| Try it |
Word for word, copy out the data below, omitting pictures.

| Stored data |
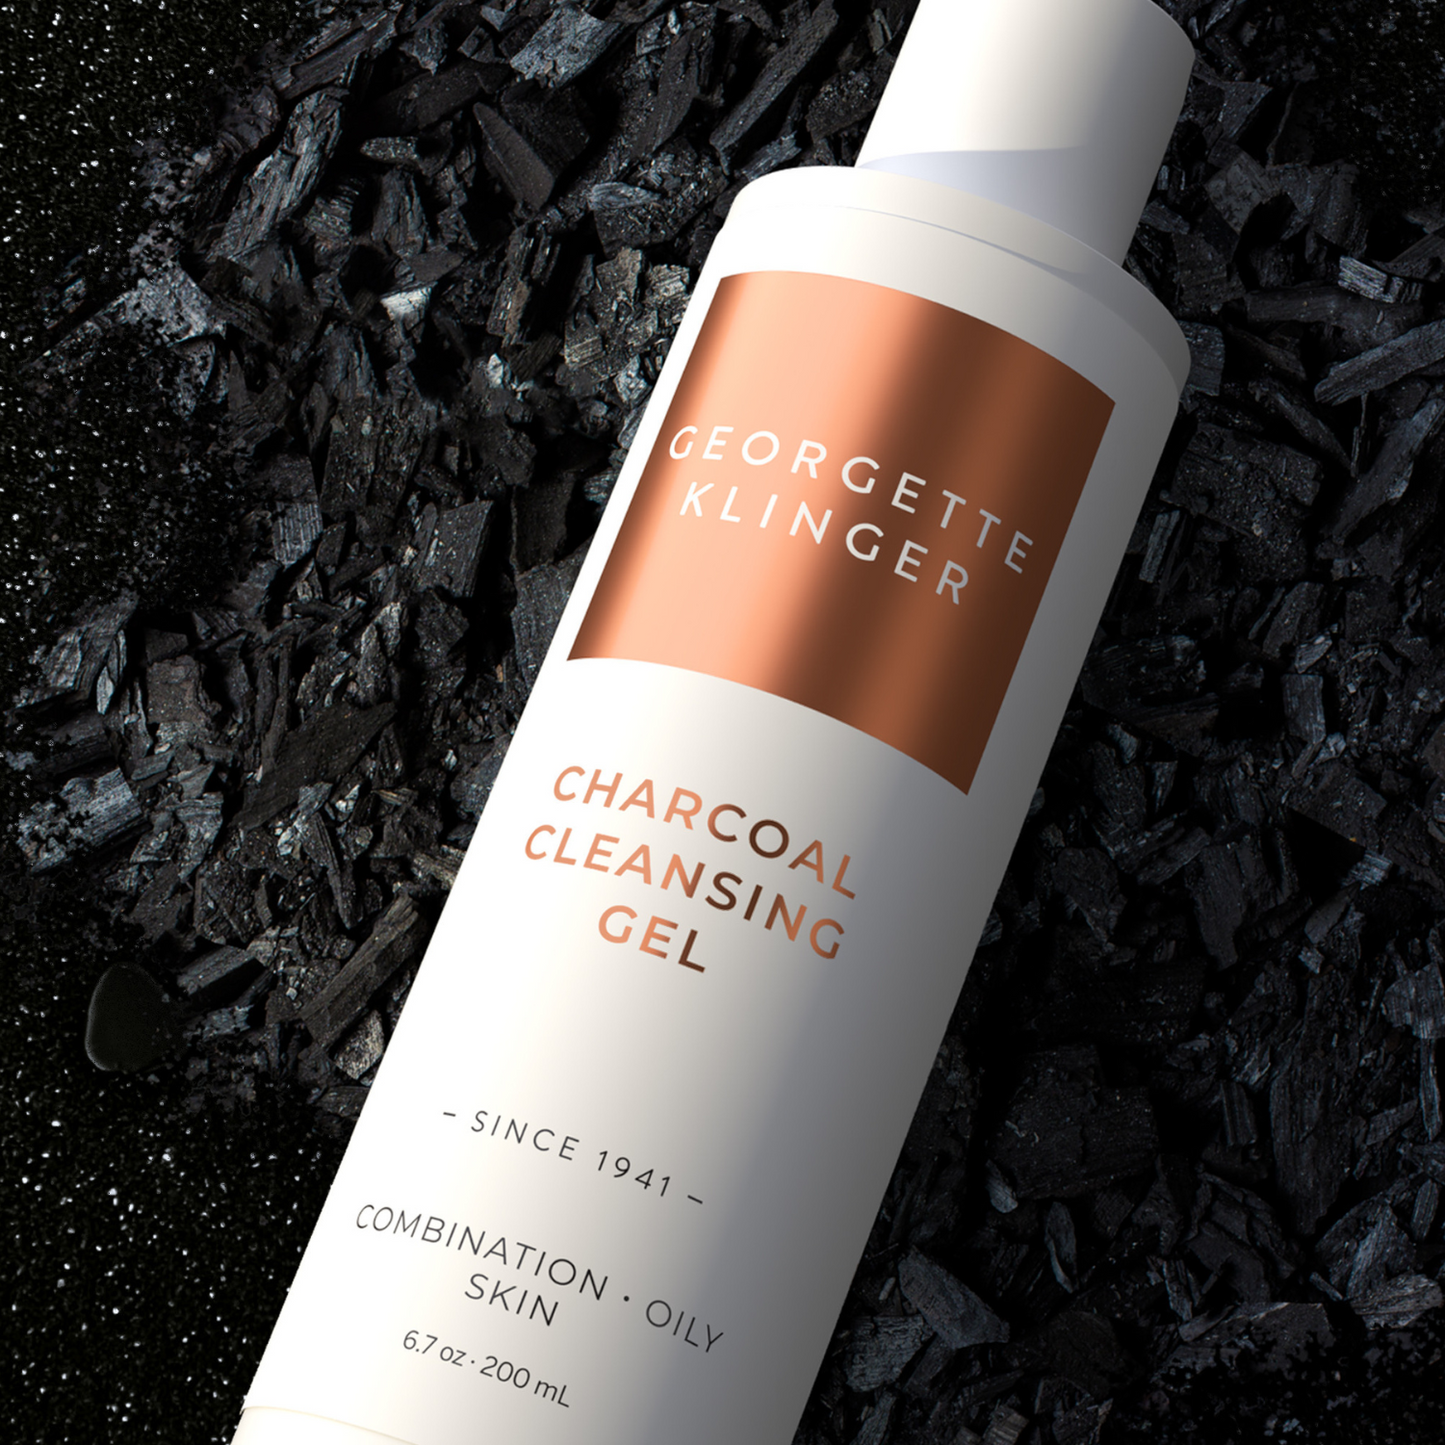 Charcoal Cleansing Gel
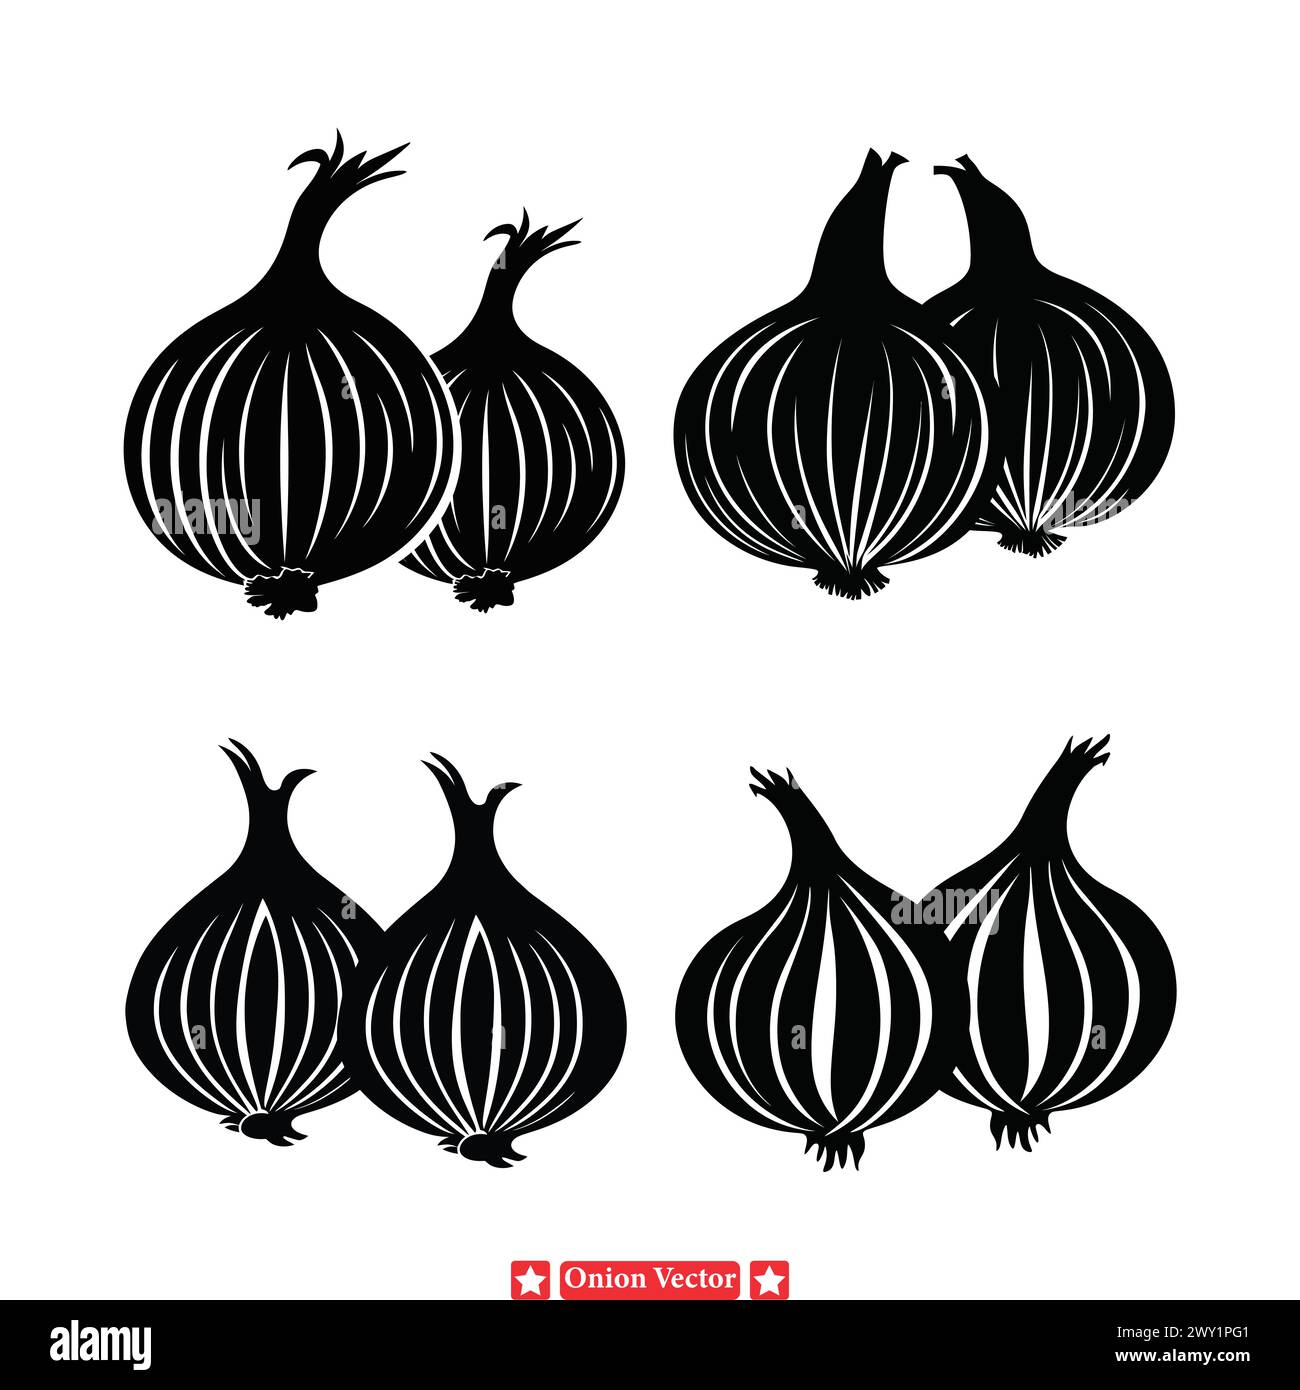 Fresh Onion Vector Designs  Crisp Graphics for Cooking Magazines, Food Packaging, and Culinary Events Promotions Stock Vector
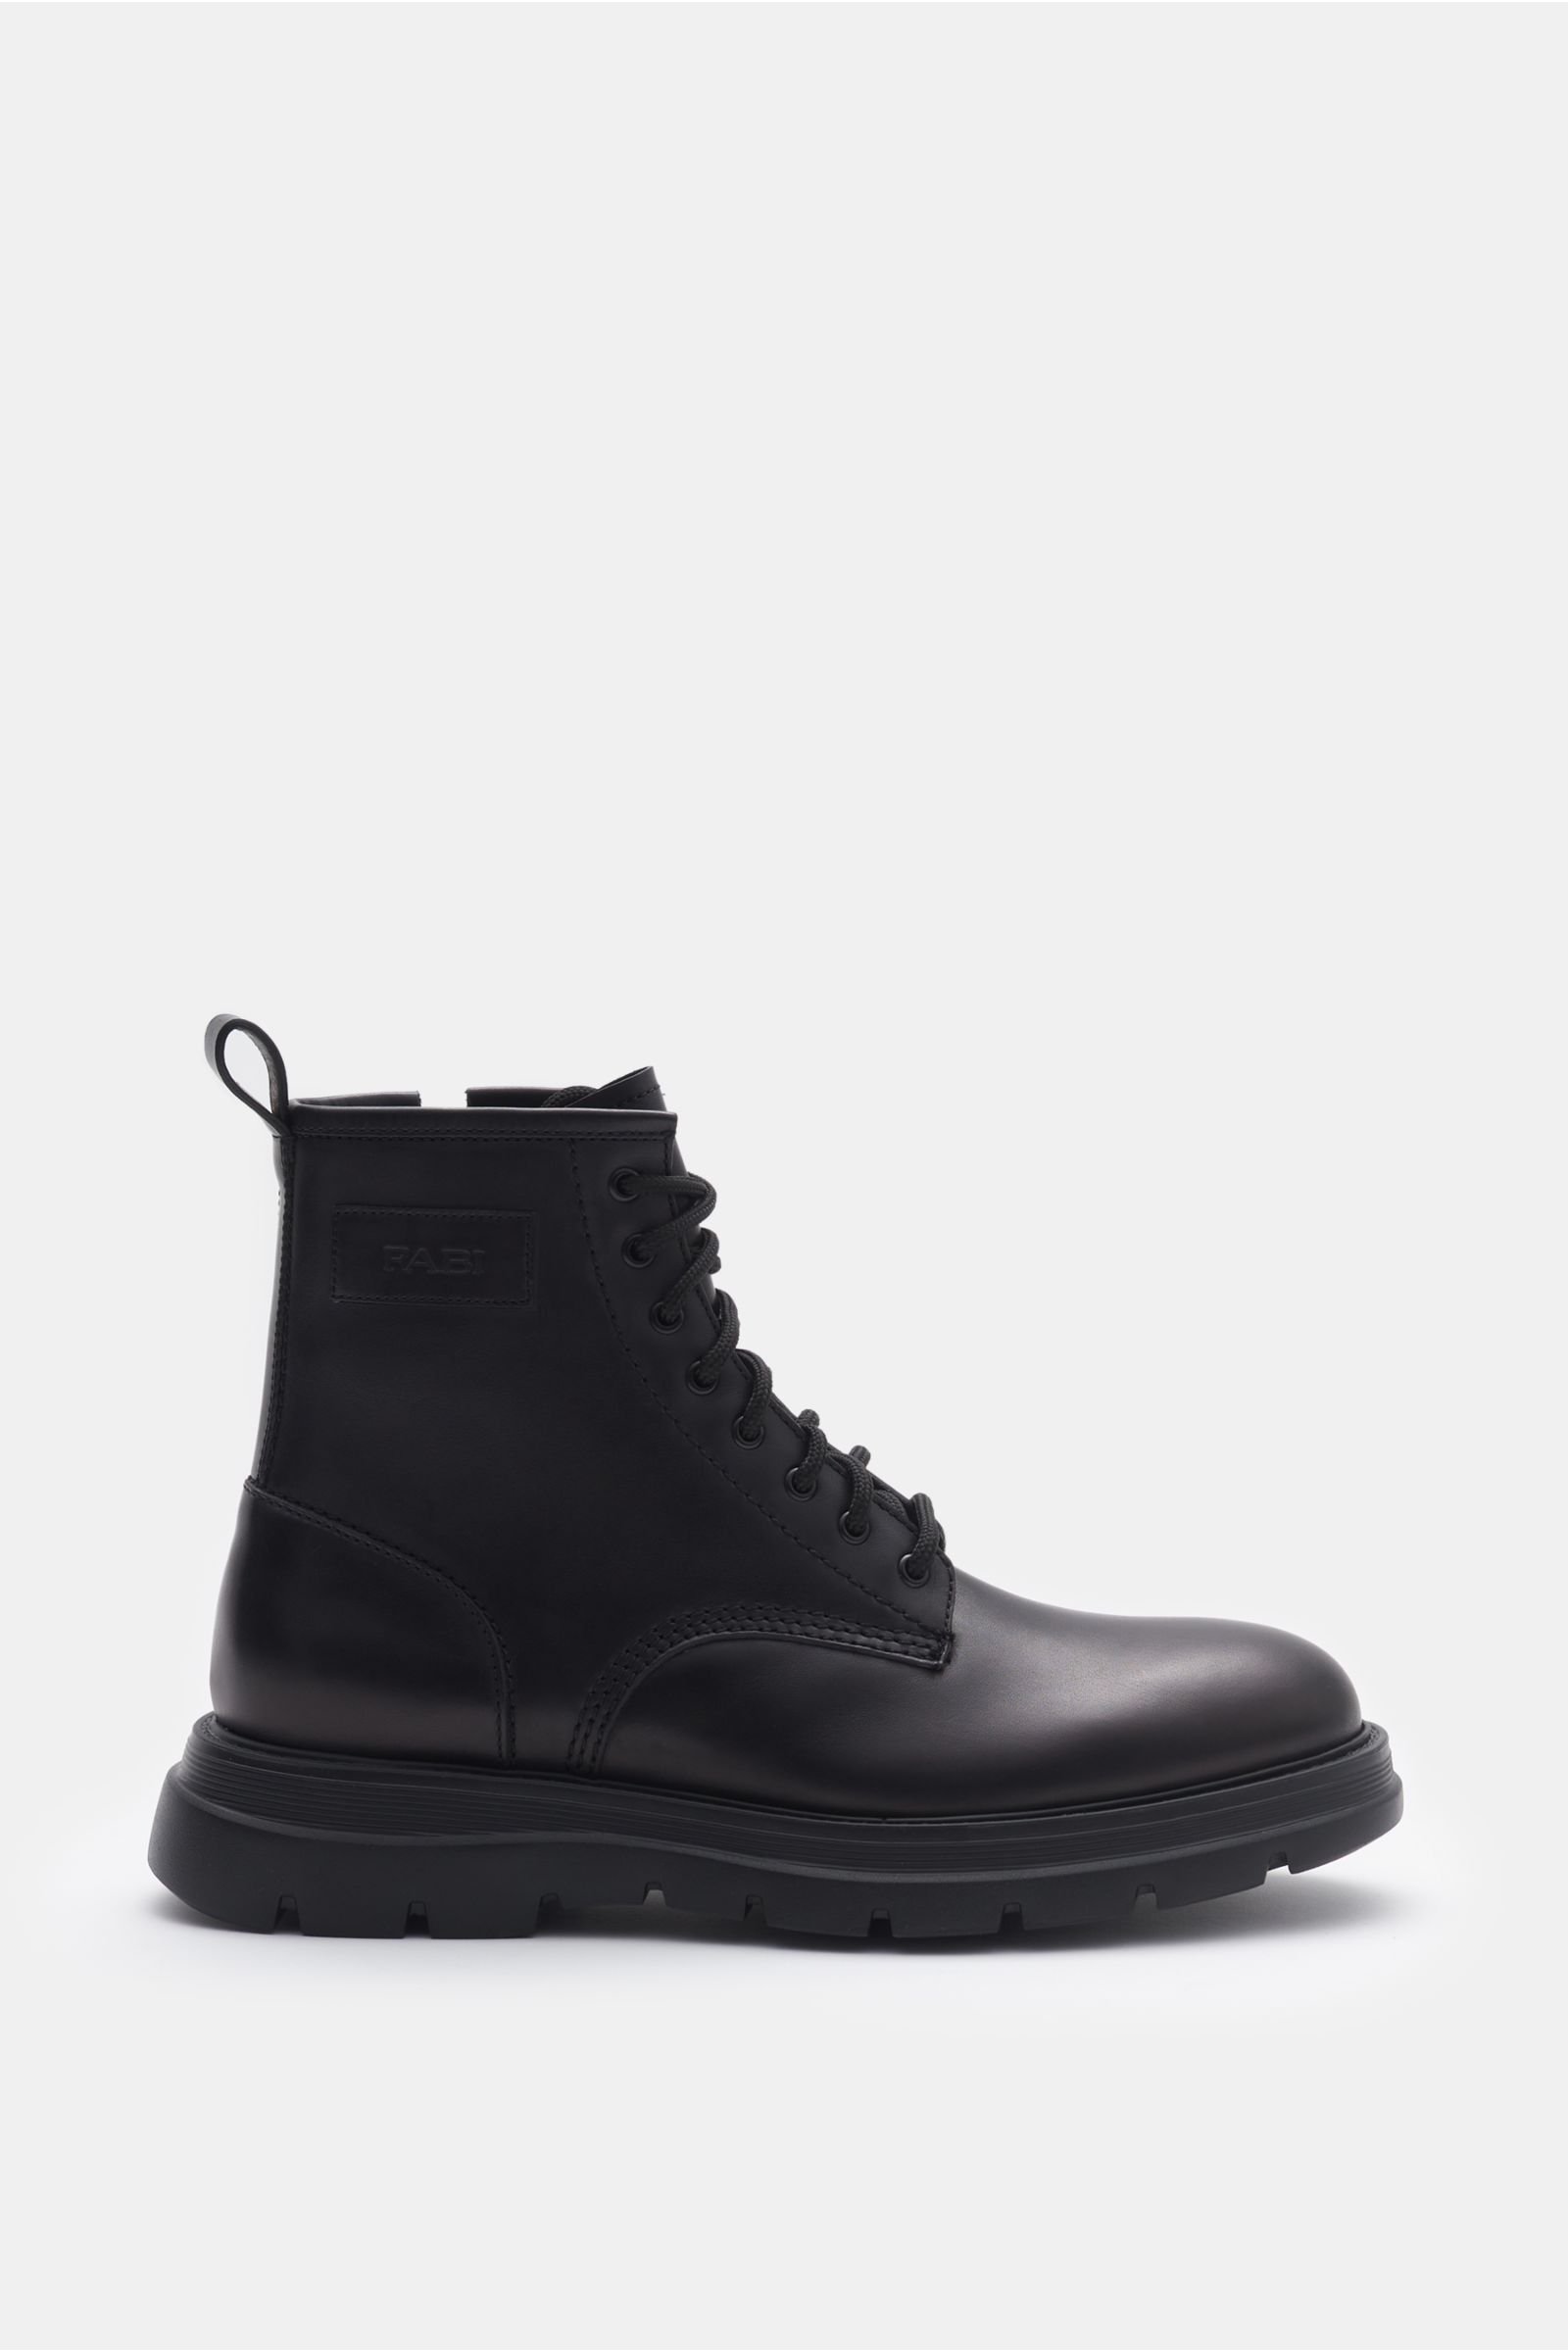 Lace-up boots black

| Result of this exercise |
 Charcoal Cleansing Gel
 Fresh Onion Vector Designs  Crisp Graphics for Cooking Magazines, Food Packaging, and Culinary Events Promotions Stock Vector
 Lace-up boots black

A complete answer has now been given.